• [Supplied information]
══════

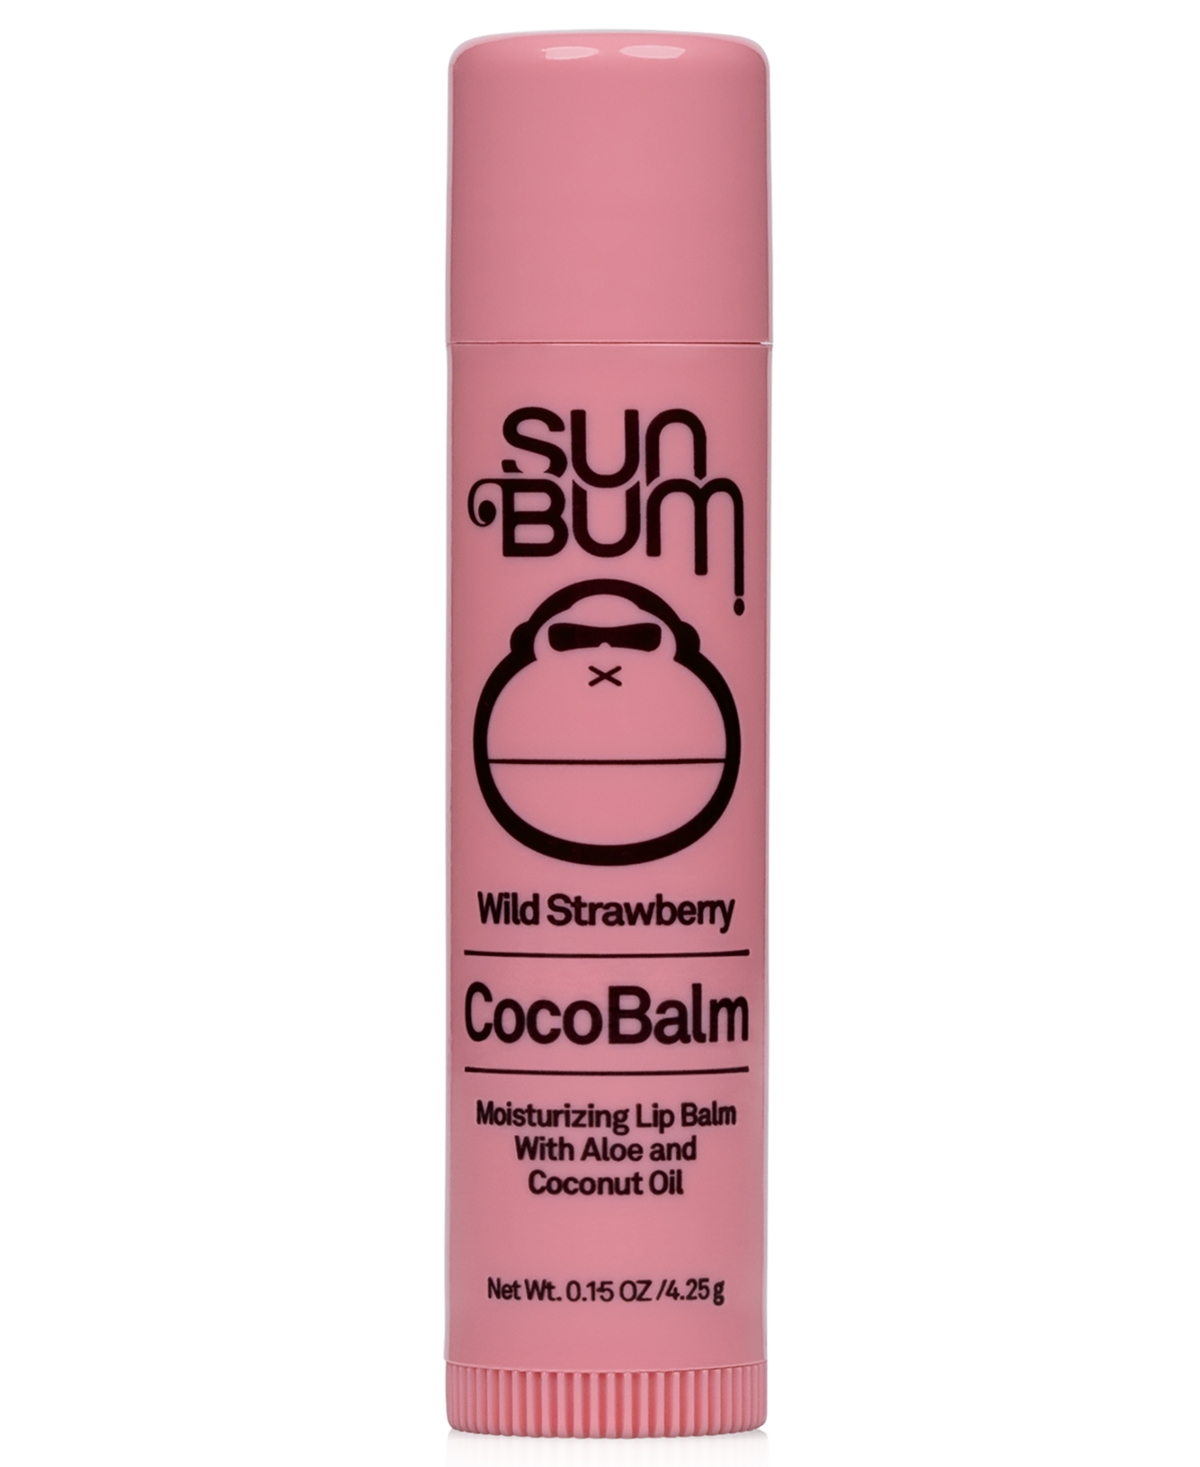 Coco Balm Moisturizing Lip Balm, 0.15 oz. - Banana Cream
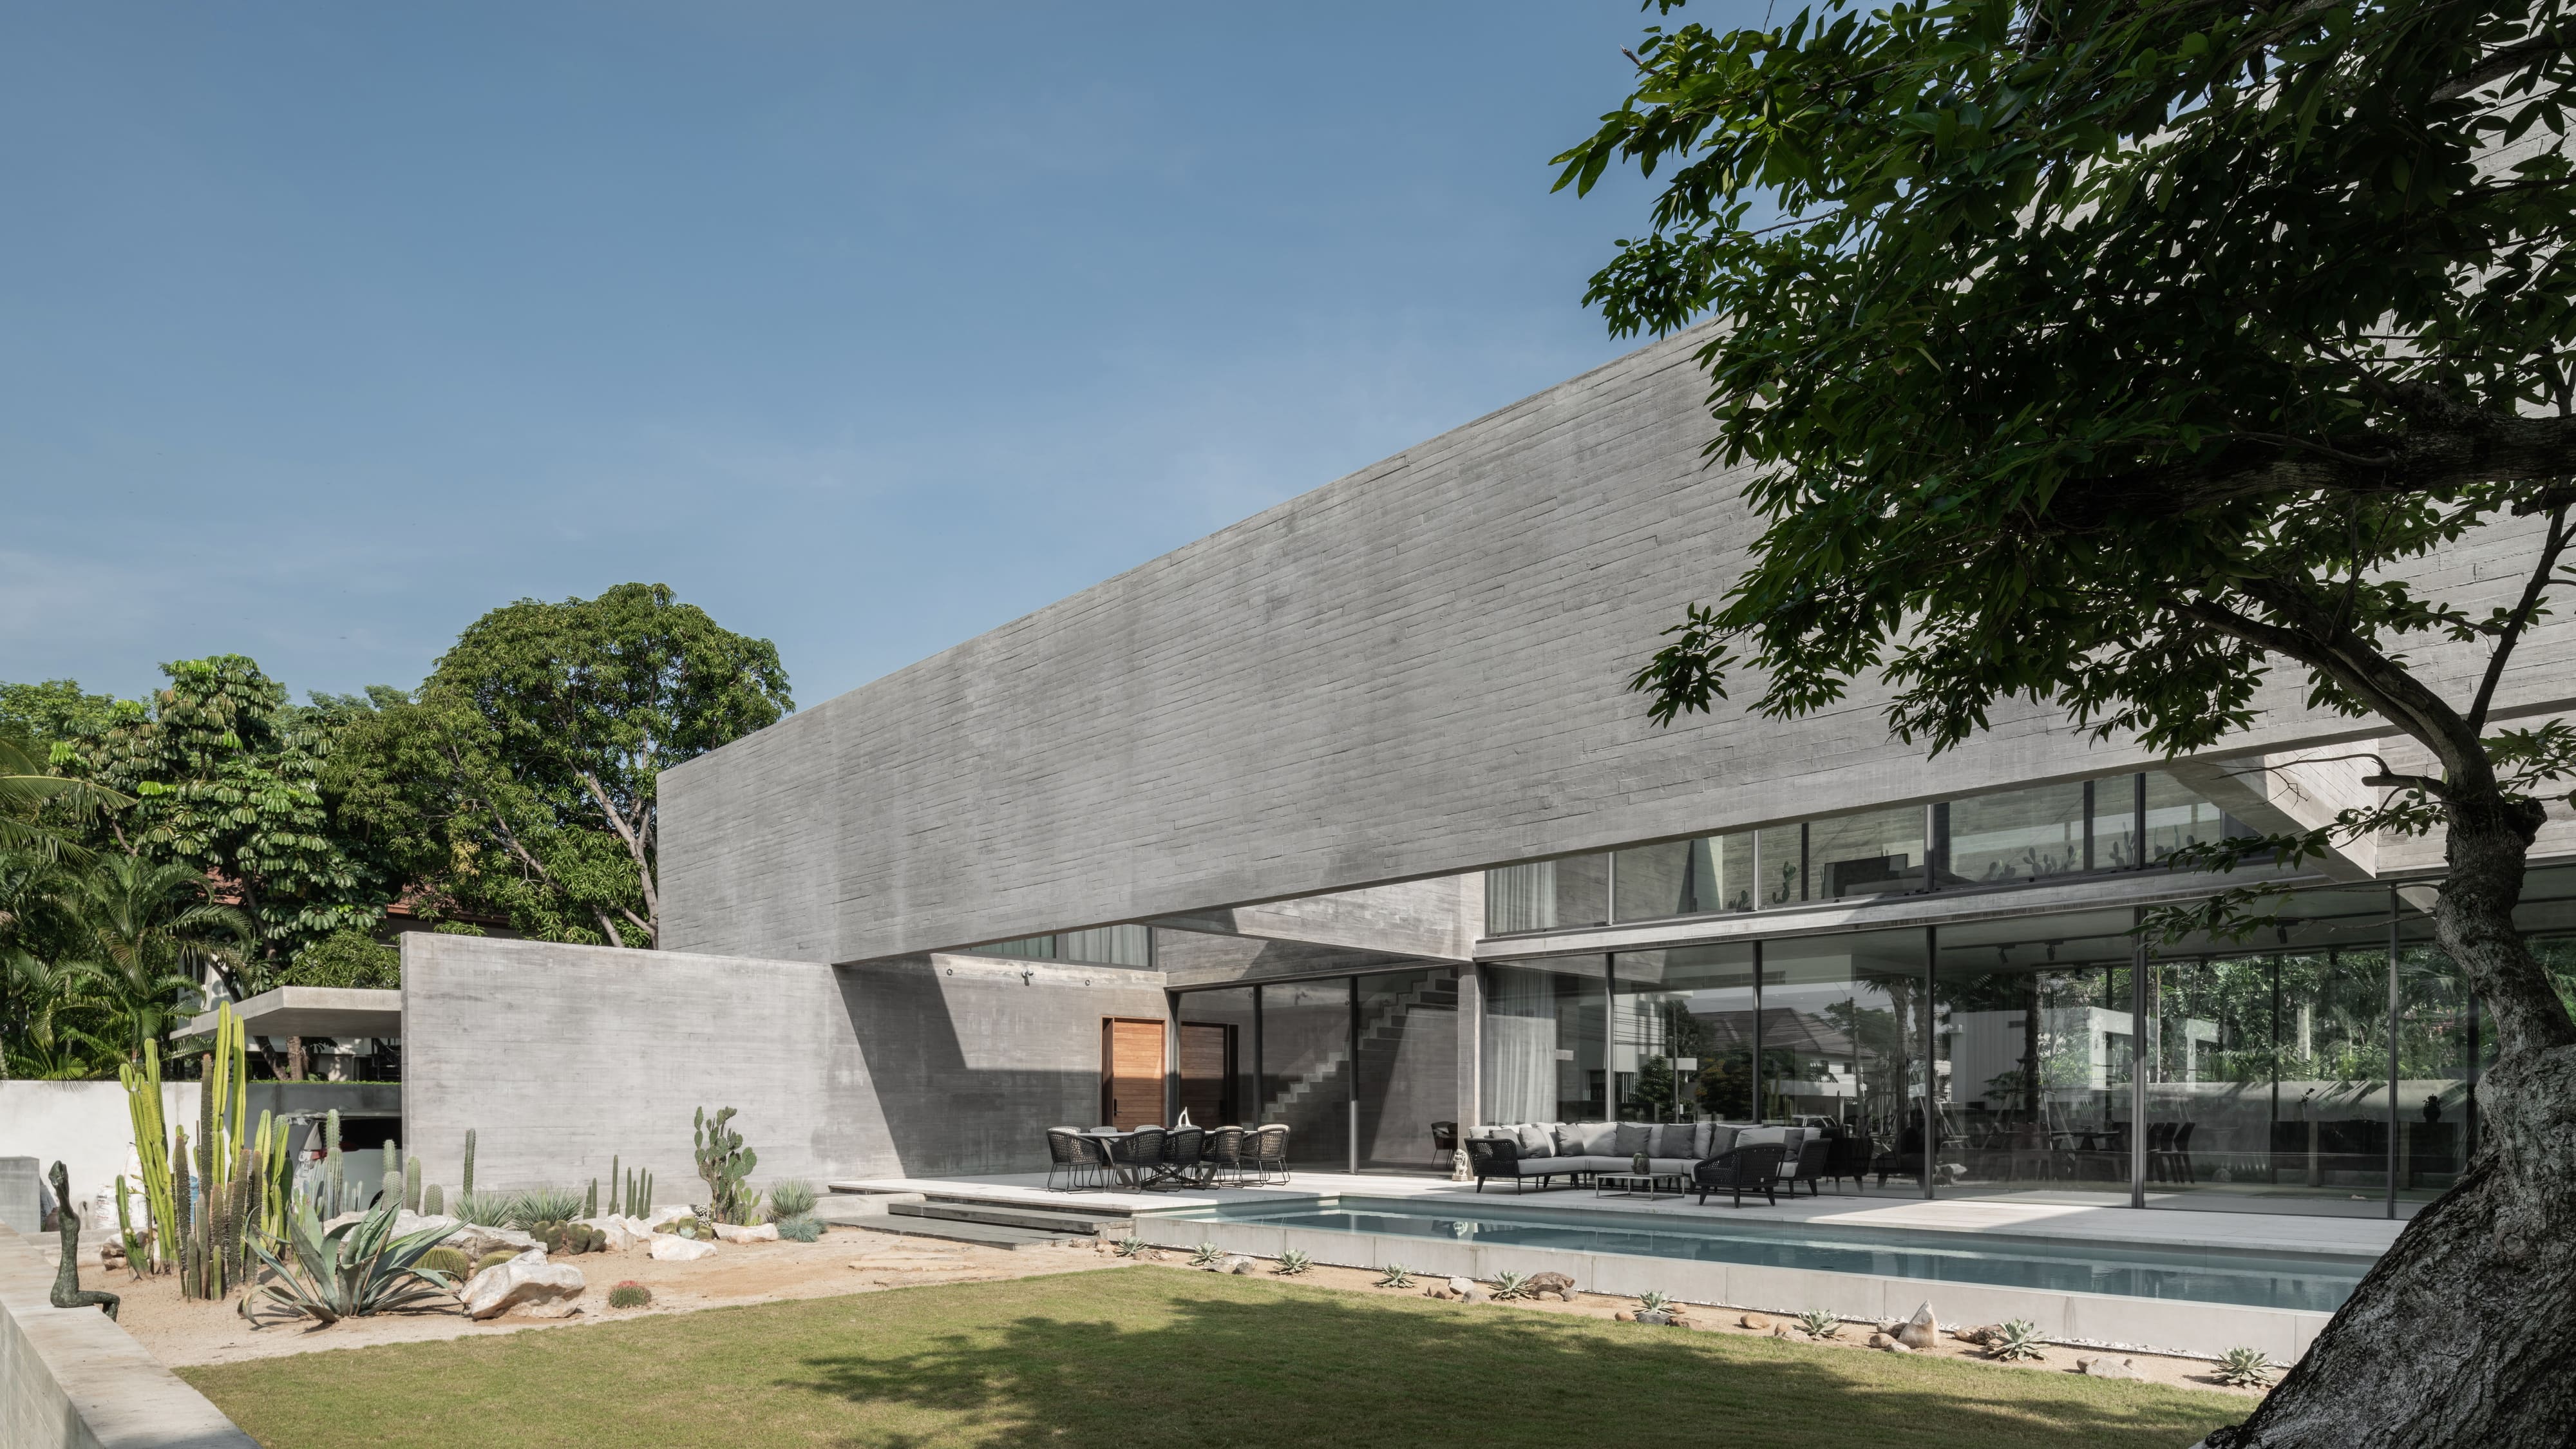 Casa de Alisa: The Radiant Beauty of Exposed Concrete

══════

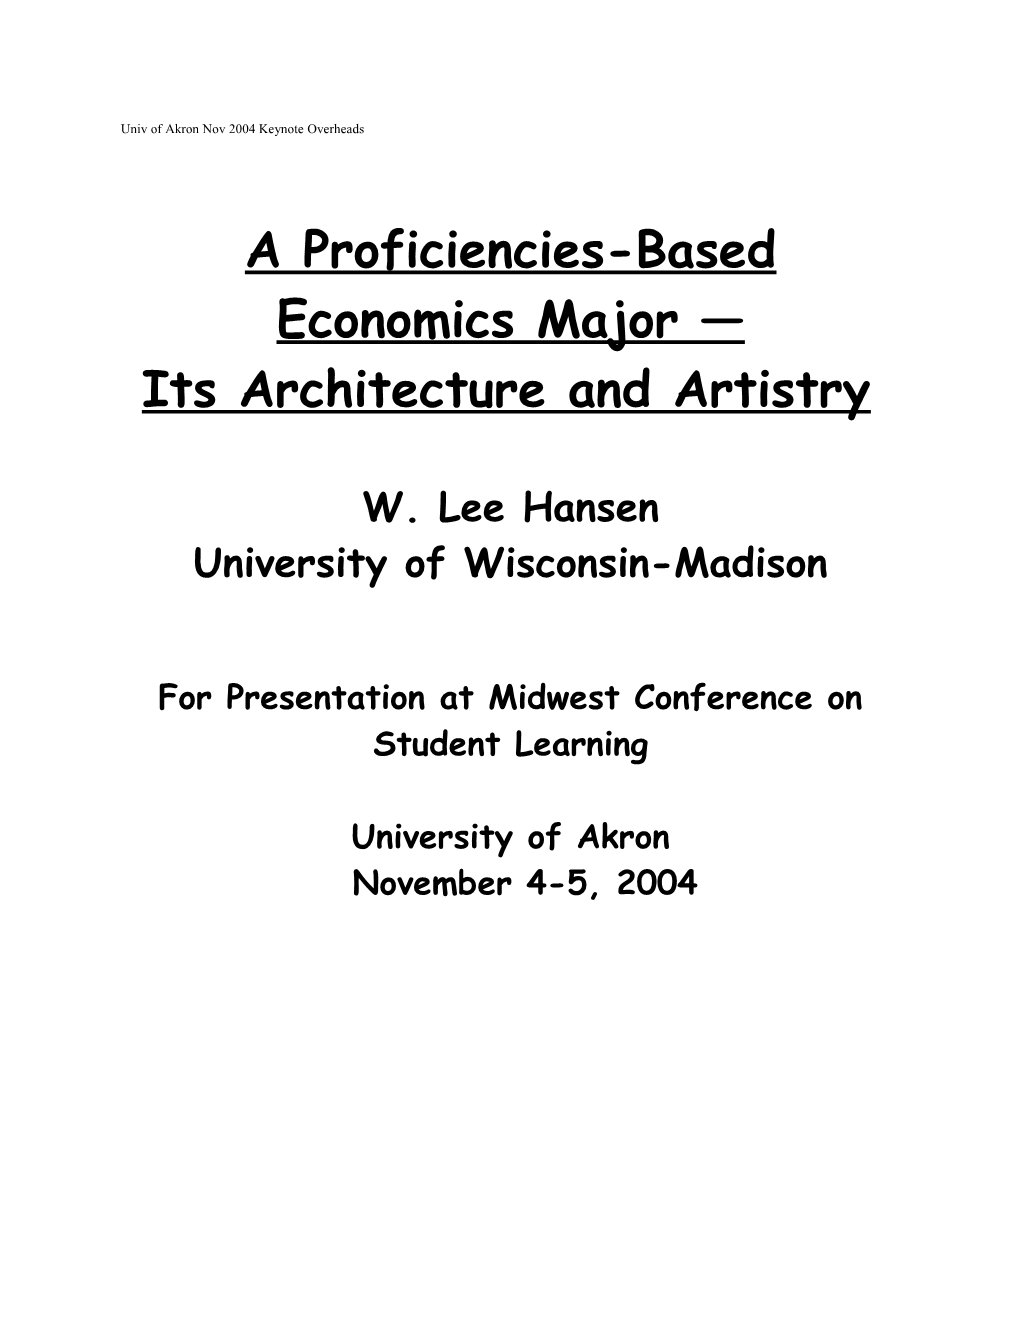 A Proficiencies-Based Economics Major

══════

• [Required action]
Pictures do not belong in the answer. Return the lines above starting at the one with "Coco Balm Moisturizing" and ending at the one with "Casa de Alisa: The", both kept, exactly.

• [Exercise solution]
 Coco Balm Moisturizing Lip Balm, 0.15 oz. - Banana Cream
 Casa de Alisa: The Radiant Beauty of Exposed Concrete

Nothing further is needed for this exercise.